In 2010, the NYC Department of Buildings barred Scarano from filing any documents with the city, effectively banning him from working as an architect in the nation’s largest metropolis. At 55 Eckford Street are a few feet of weeds, littered with beer cans, plastic bags and a forlorn old microwave. Orange safety mesh hangs from the upper floors, like the tattered shroud of some neon ghost. The armature continues to rust, whilst interleaving layers of cat and human urine form a melange.
André Avelās
born 1976 in Caldas da Rainha, PT
lives and works in Amsterdam, NL & Lisbon, PT
André Avelãs (PT) is an artist who lives and works in Amsterdam. His works (performances, sculpture, installations, and recordings) explore the ways in which sound is produced, and how sound creates meaning in relation to space and the conditions under which it is heard. Central to his practice is a focus on sound not as a carrier of content but as a malleable material that shifts and changes in relation to the methods and machines through which it is generated, reproduced and experienced. He has showed and performed in places like Amsterdam, Basel, Lisbon, London, Melbourne and New York.
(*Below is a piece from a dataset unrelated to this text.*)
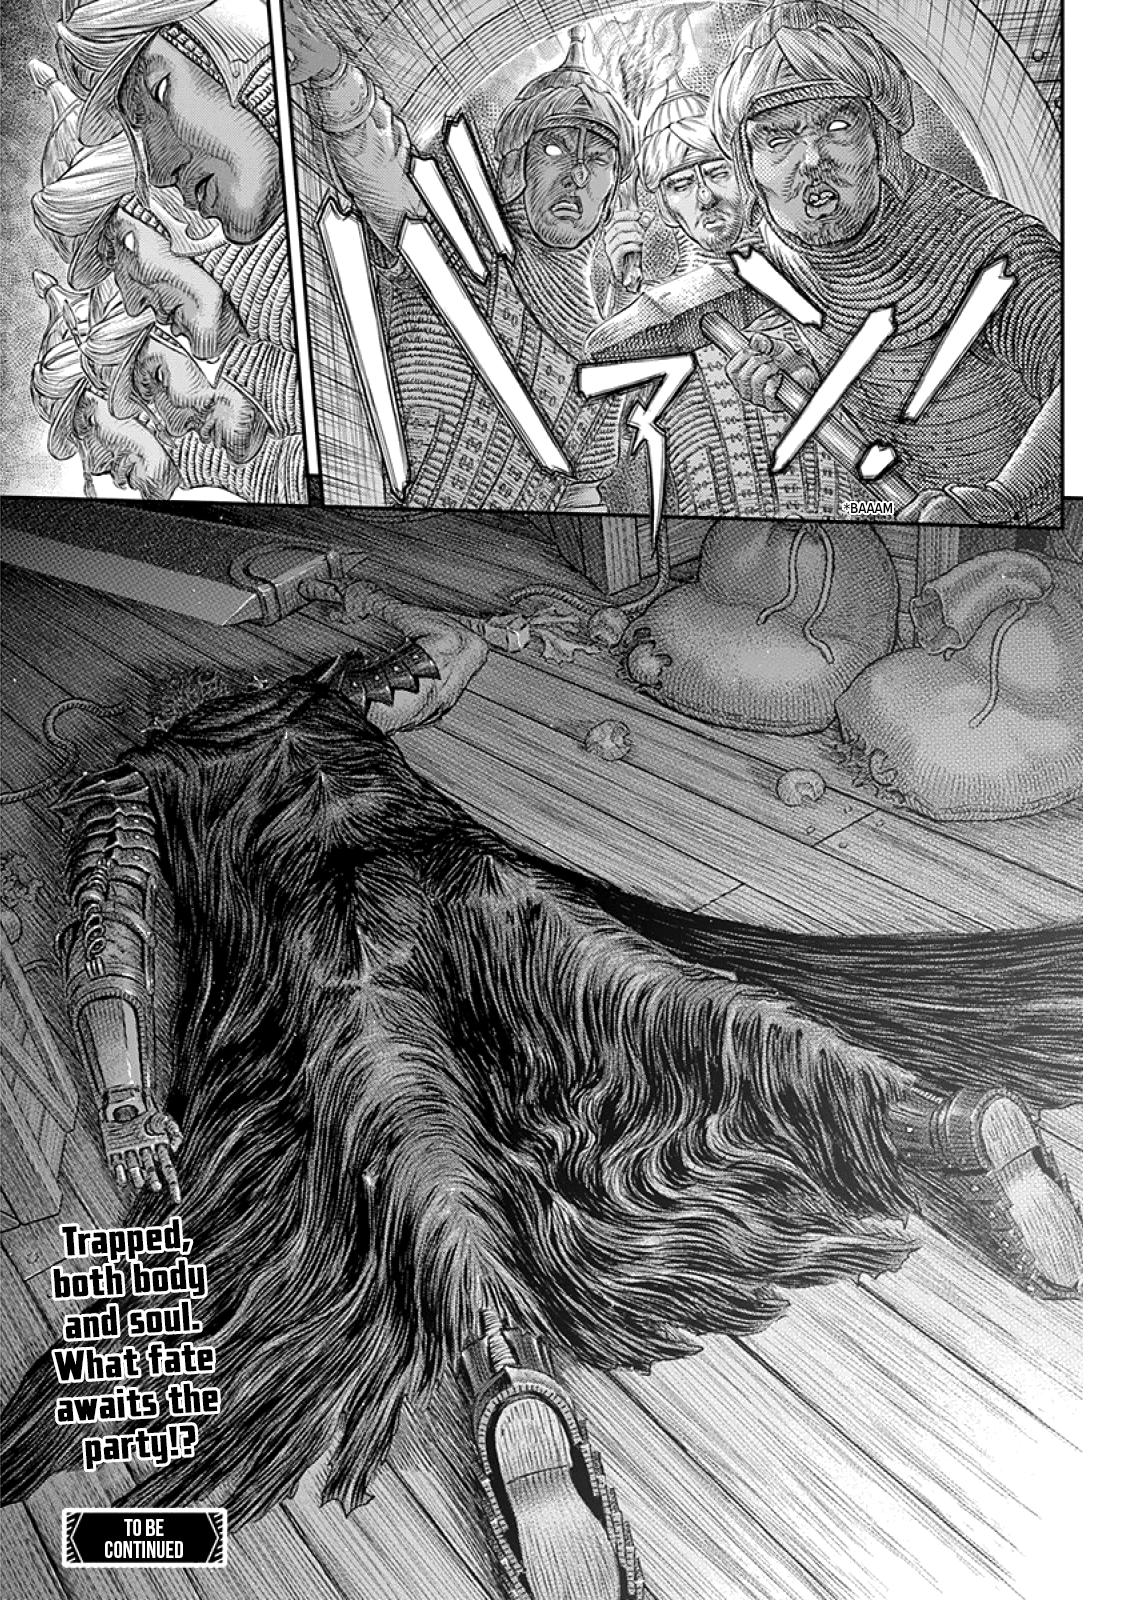 Berserk Manga Chapter 373 image 21

Solo includes IBID Projects, London, UK; groups shows include: Stedelijk Museum, Amsterdam, NL; De Halen, Haarlem, NL; Kunsthalle Basel, Basel, CH; Abrons Art Centre, NYC, USA; Galeria Boavista, Lisbon, PT; Gertrude Contemporary, Melbourne, AUS; Triangle Arts Association Spring open studios, NYC, USA; Taut &; Tame, Berlin, DE; Zabludowicz Collection, NYC, USA
James Beckett (ZA/NL)
7/ 10/ 1977, Harare, Zimbabwe
Currently lives and works between New York City, USA and Amsterdam, The Netherlands
Beckett’s research-based practice explores overlooked histories concerned with industrial development and the built environment. His resulting installations and works for public space deal with cultural signs that shape our experience in the modern era. In addition to industry and architecture, his work investigates vocations as diverse as finance, chemistry and dentistry in a neoliberal context.
James Beckett was in residency at the ISCP, NYC, 2021 and has exhibited at the Belgian Pavilion of the Venice Biennale 2015; MAAT, Lisbon 2017; MCAD Manila 2017, The Stedelijk Museum, Amsterdam 2012, amongst others. His work is represented by galleries: T293, Rome; Markus Lüttgen, Dusseldorf.
He is the winner of the Prix de Rome, Art in Public Space, NL, 2003 and has significant works in the permanent collections of the Centre Pompidou, Paris FR Stedelijk Museum, Amsterdam, NL Centraal Museum, Utrecht, NL
Garret Linn | C-TWON (excerpt)
A prologue to a longer film about the idea and spaces of chinatowns wherever they may be.
Garret Linn, born 1967, is an American experimental and documentary filmmaker. His films revolve around ideas of memory, travel and the representation of forgetting.
He is known for the feature length jazz concert film John Lurie and the Lounge Lizards Live in Berlin 1991 and the experimental feature film automobilux.